Боязнь высоких потерь
В середине марта 1945 года Эйзенхауэр обсуждал с генералом О. Брэдли, командующим группой армий «12», предложения британского фельдмаршала Б. Монтгомери, командующего группой армий «21», оказать тому поддержку в наступлении на Берлин. Брэдли отметил, что если даже Монтгомери подойдёт к Берлину раньше русских, он не сможет его легко взять. Западные подступы к Берлину представляют множество естественных препятствий в виде рек, каналов, озёр. По оценке Брэдли, потери союзников при попытке взять Берлин могут составить не менее 100 тысяч человек (кстати, советские войска потеряли там 200 тысяч). «Слишком высокая цена за престижную цель, особенно если учесть, что нам потом придётся отойти и уступить место другим парням», – резюмировал Эйзенхауэр. Он предписал Монтгомери придерживаться северо-восточного направления в своём наступлении – на Гамбург и Киль.
Хитрость Сталина
Ещё 28 марта Эйзенхауэр отправил напрямую послание Сталину, в котором сообщал о важности координации действий всех союзников в завершающих битвах за Германию и давал свою оценку стратегических целей. По мнению Эйзенхауэра, Берлин в настоящее время утратил важное стратегическое значение. Более актуальным ему видится соединение американских и русских армий с целью разрезать оставшуюся у вермахта территорию надвое. В качестве объекта для совместных операций американский главнокомандующий предлагал Дрезден.
Сталин ответил 1 апреля. Он согласился с мнением Эйзенхауэра, что Берлин не представляет первостепенной стратегической ценности и что гораздо важнее сейчас ударом на Дрезден разрезать рейх на две части. Но как мы знаем, именно в это время советское командование готовило последнее решительное наступление на Берлин.
Британские военные и Черчилль считали, что Сталин «может оставить Айка (т.е. Эйзенхауэра) в дураках». Монтгомери протестовал против решения главнокомандующего, но тщетно. Он был уверен, что целью русских является Берлин и что они преднамеренно прячут своё желание овладеть им раньше.
С другой стороны, послание Эйзенхауэра было составлено так, что всякий на месте Сталина мог заподозрить в маскировке намерения взять Берлин командование союзников.

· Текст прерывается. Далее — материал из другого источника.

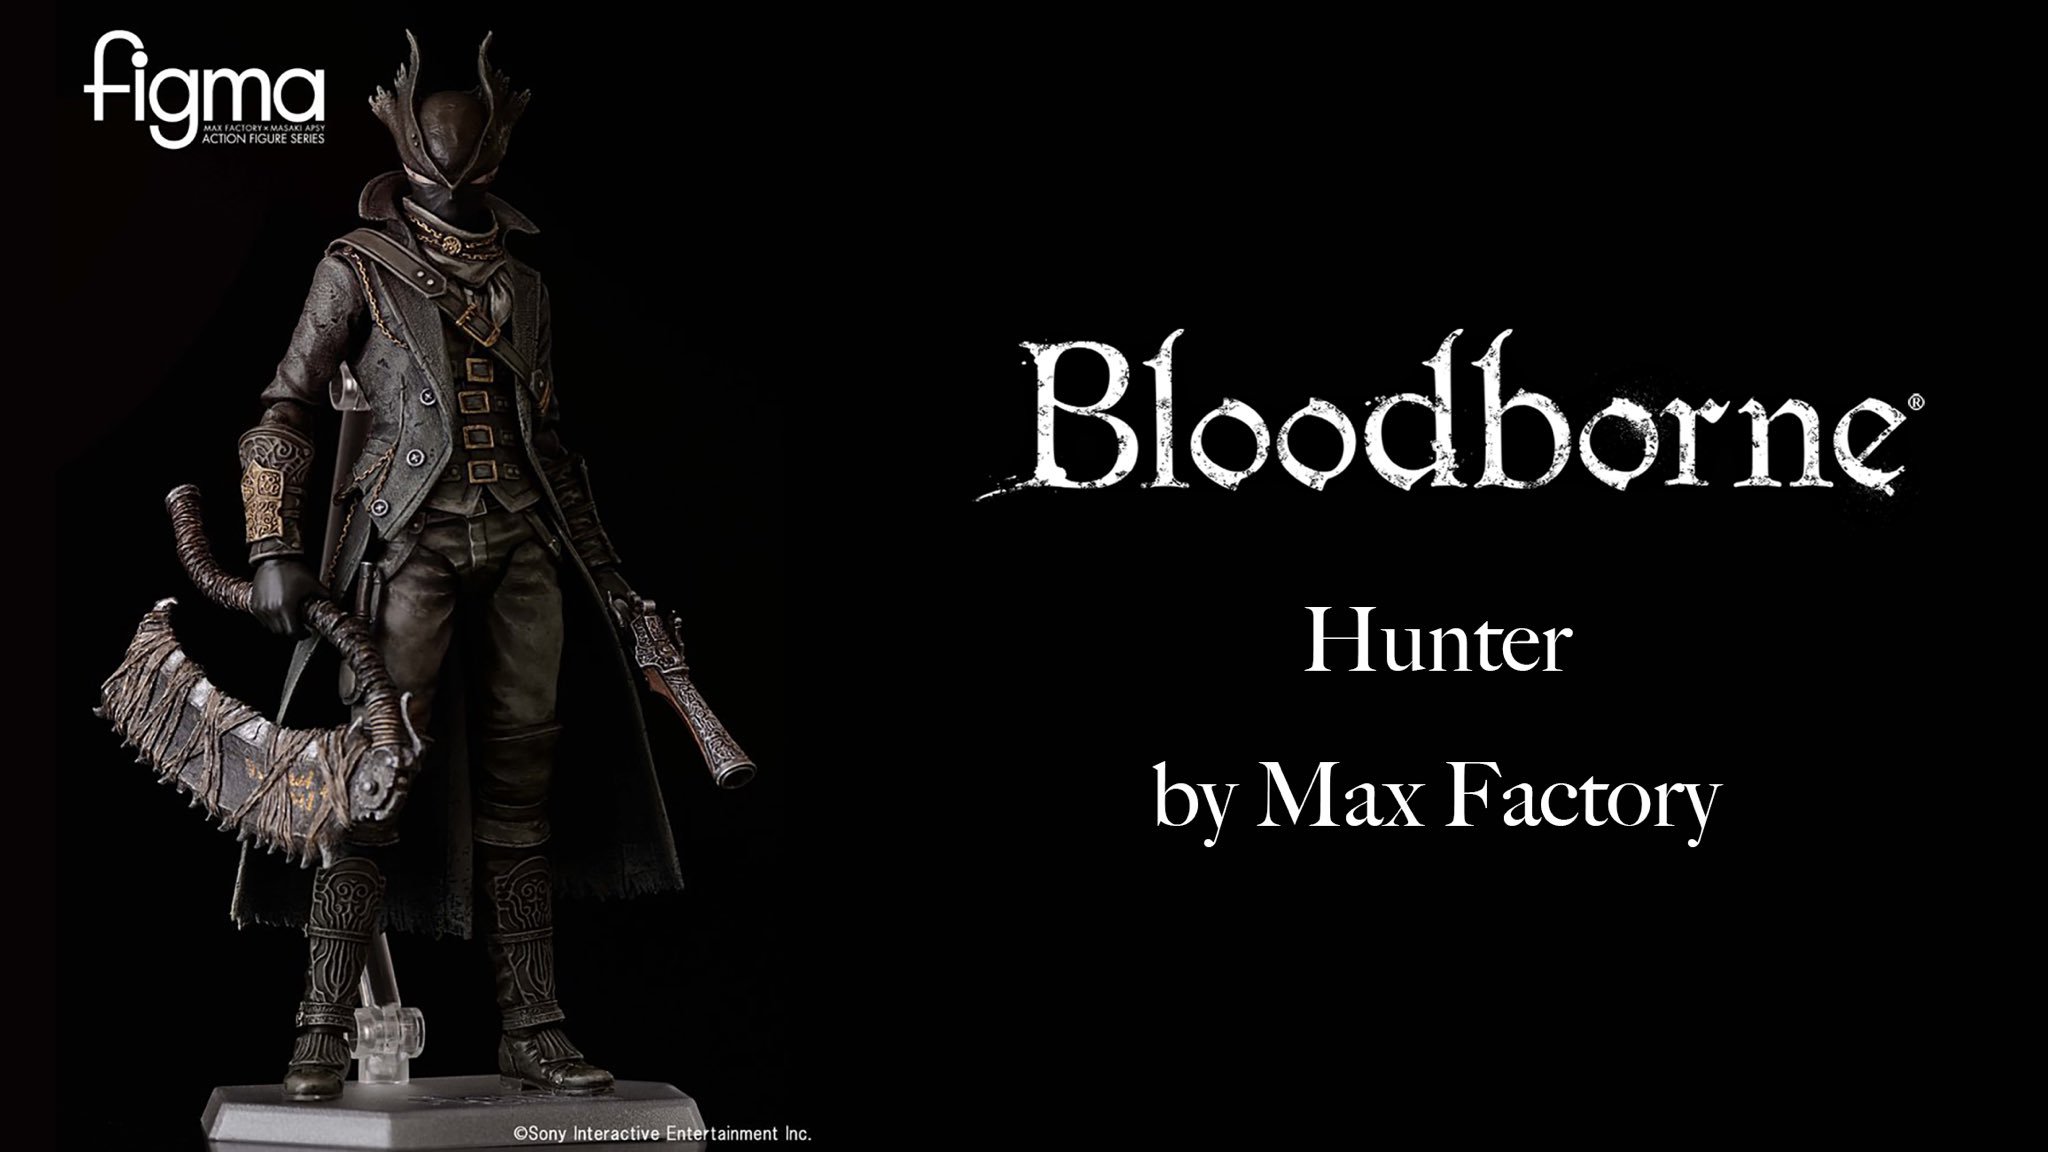 Bloodborne Official 狩人のfigmaです 可動式のアクションフィギュアになります Hunter Will Be Joining The Figma Series T Co Zgrlfko5xc T Co Ted2ox5vdf Twitter

Западные союзники всё равно получали сектор оккупации в Берлине
Ещё в ходе Ялтинской конференции 4-11 февраля 1945 года были согласованы оккупационные зоны четырёх держав в Германии после войны. При этом, независимо от того, чьи именно войска возьмут Берлин, столица Германии также была поделена на четыре оккупационные зоны. Причём западным союзникам выделялось больше 70% территории Большого Берлина. Таким образом, если бы американцы или англичане первыми вошли в Берлин, им пришлось бы потом предоставить там заранее согласованный сектор и для советской армии. Именно это имел в виду Эйзенхауэр, говоря, что «нам потом придётся… уступить место другим парням». Как мы уже видели, американцы считались с опасностью очень высоких своих потерь в боях за Берлин, который, однако, после войны не мог бы принадлежать им целиком.
Сложно выделить какую-то одну решающую причину отказа американского командования от взятия Берлина. Вероятно, все они в совокупности сыграли свою роль.
Любопытно, что, по свидетельству его мемуариста Стивена Амброза, у Дуайта Эйзенхауэра «к 1952 году появилось чувство досады, что он не смог взять Берлин». Что ж, задним умом всякий крепок. Но тогда, в 1945-м, и Эйзенхауэр, и значительная часть американского истеблишмента руководствовались совсем иными соображениями, чем теми, которые возникли у них уже позднее, в ходе и под влиянием «холодной войны».